The ringing of the Good Humor truck’s bell could be heard a half block away, giving us time to get coins from the cook or our nanny and run out to the curb before it got to our house. Before I was old enough to go to school, this was often the high point of my day. But almost as exciting was the produce truck driver, a soft-spoken Japanese gentleman who sold the freshest fruit and vegetables, much of which he and his family had grown on a small farm just outside town. Cook would come out to pick exactly what she needed from rows of brightly colored plums, apples, cabbages, Brussels sprouts and slender carrots with their feathery tops still on. The plums would decorate a dense vanilla cake, the apples made strudel, cabbage leaves were steamed and stuffed with meat or shredded with carrots for slaw.

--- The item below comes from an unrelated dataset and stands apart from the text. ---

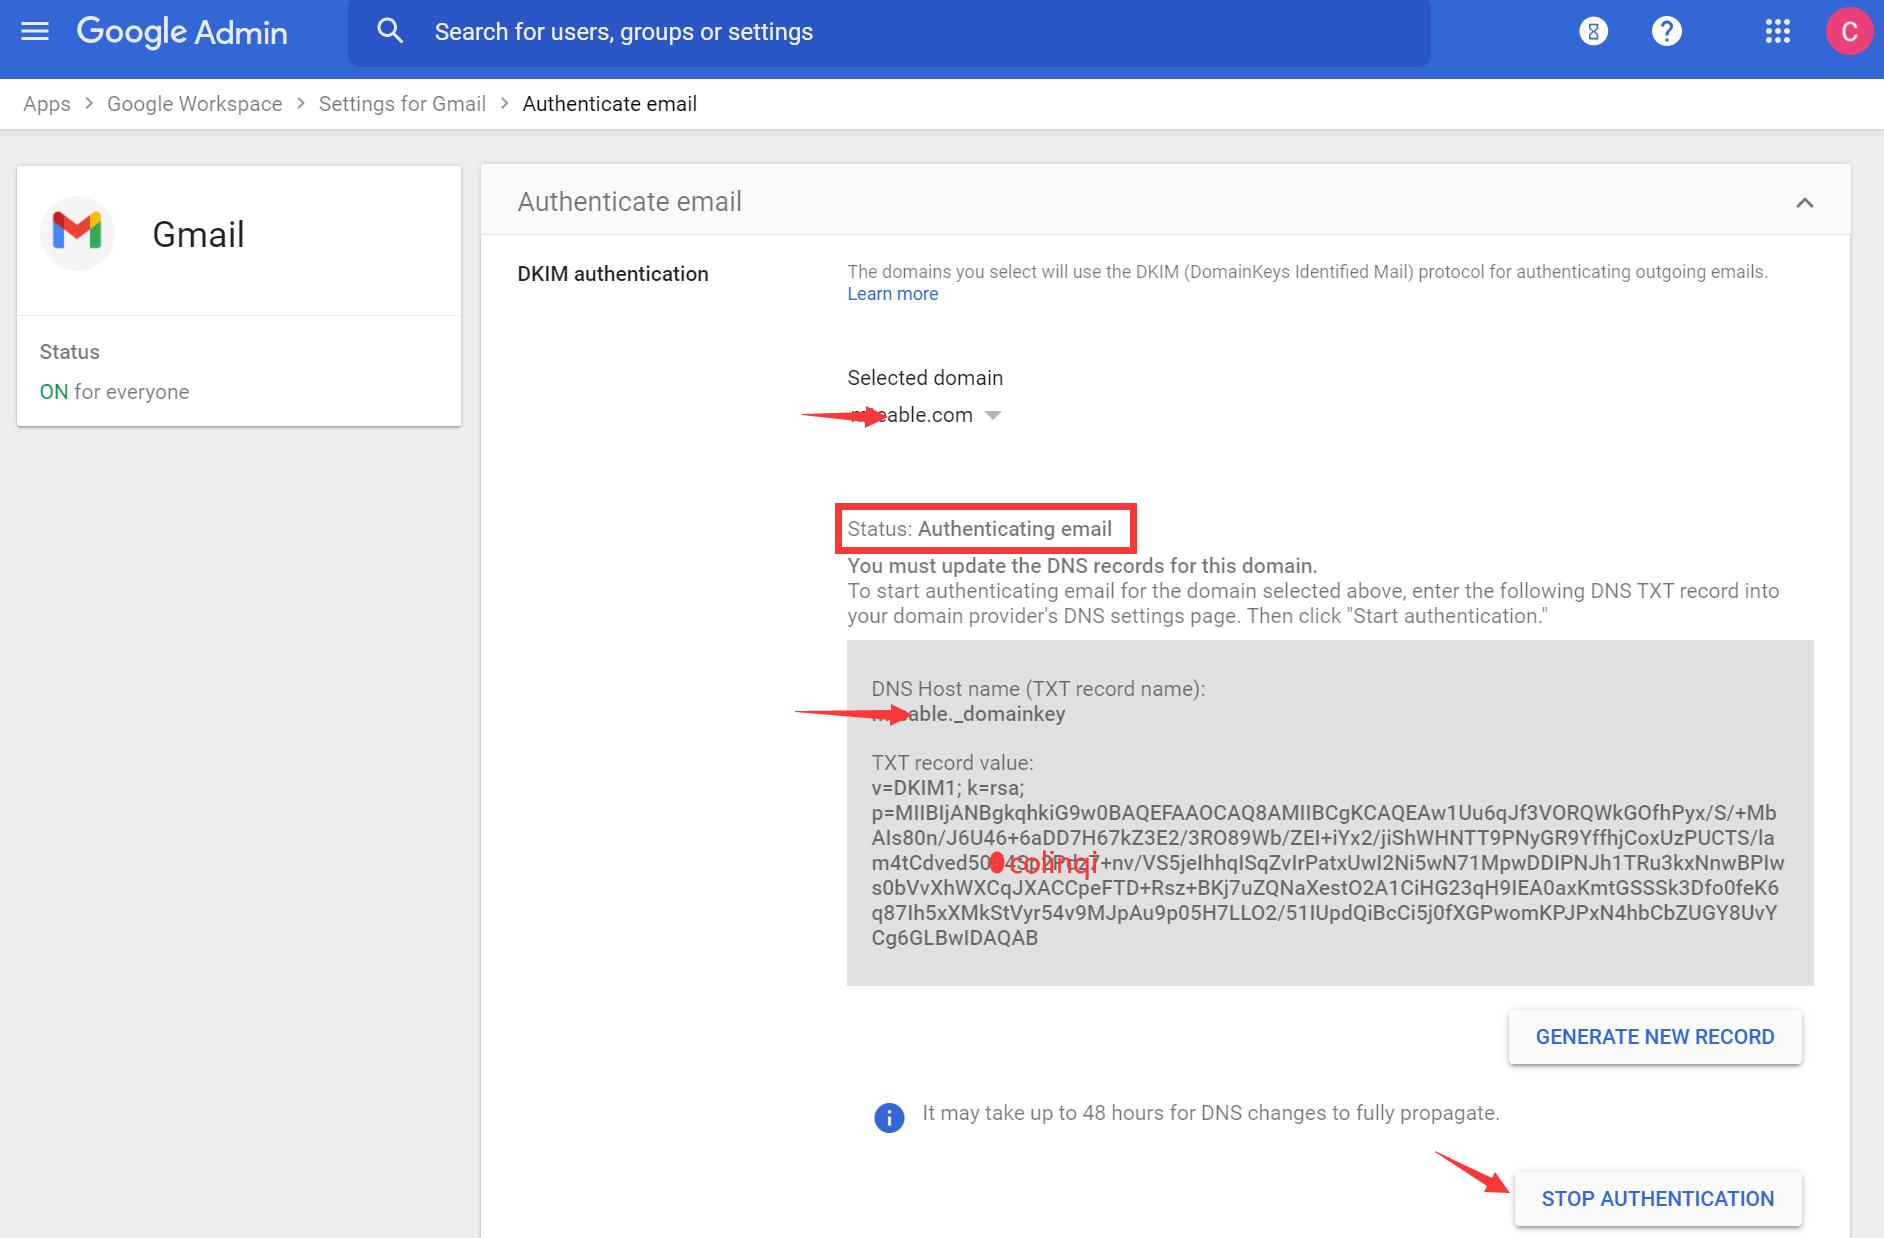 DKIM Gmail Authenticating

This must have been what sparked my lifelong love of cooking and appreciation for the freshest food. You see, even in our upscale neighborhood, the food vendors were treasured. No one ever dreamed of complaining that they were ruining property values. We all had cars to drive to the market, but that wasn’t the point. Our town was a movie town in the ’30s and ’40s, enriched by the talent of European refugees, who were welcomed into the industry and so were tolerant of other immigrants.

After the attack on Pearl Harbor, things began to change. Japanese Americans just disappeared; we weren’t told where they went. All of the gardeners were rounded up by the Feds early one morning, and that was the last we saw of the produce truck and the lovely man who would give me a tangerine or a peach after Cook had paid and gone back to the house. Little did I know she and her husband (still German citizens) would be the next to go. But not until after she helped me plant a victory garden.

It was a shameful way for us to treat honest hard working immigrants, but it seems much hasn’t changed. Newcomers still work as cooks and nannies or become independent vendors serving immigrant neighborhoods. And homeowners on adjacent streets will complain to their city councils that the trucks are a nuisance, or the street vendors are a security risk.

But paving over the parkways and charging thousands of dollars in fees for the privilege of serving neighbors makes no sense. How will this uphold already inflated property values?

What Santa Ana could use is a change of attitude. If we’re going to reap the benefits of immigrant labor and a vibrant, multicultural society, we need to think more about assimilation and less about exclusion. This country has thrived on the efforts of those who came here to study and work.

Reward their enterprise, Santa Ana! Don’t let a few insecure homeowners drive them away. And please, California doesn’t need any more concrete parkways.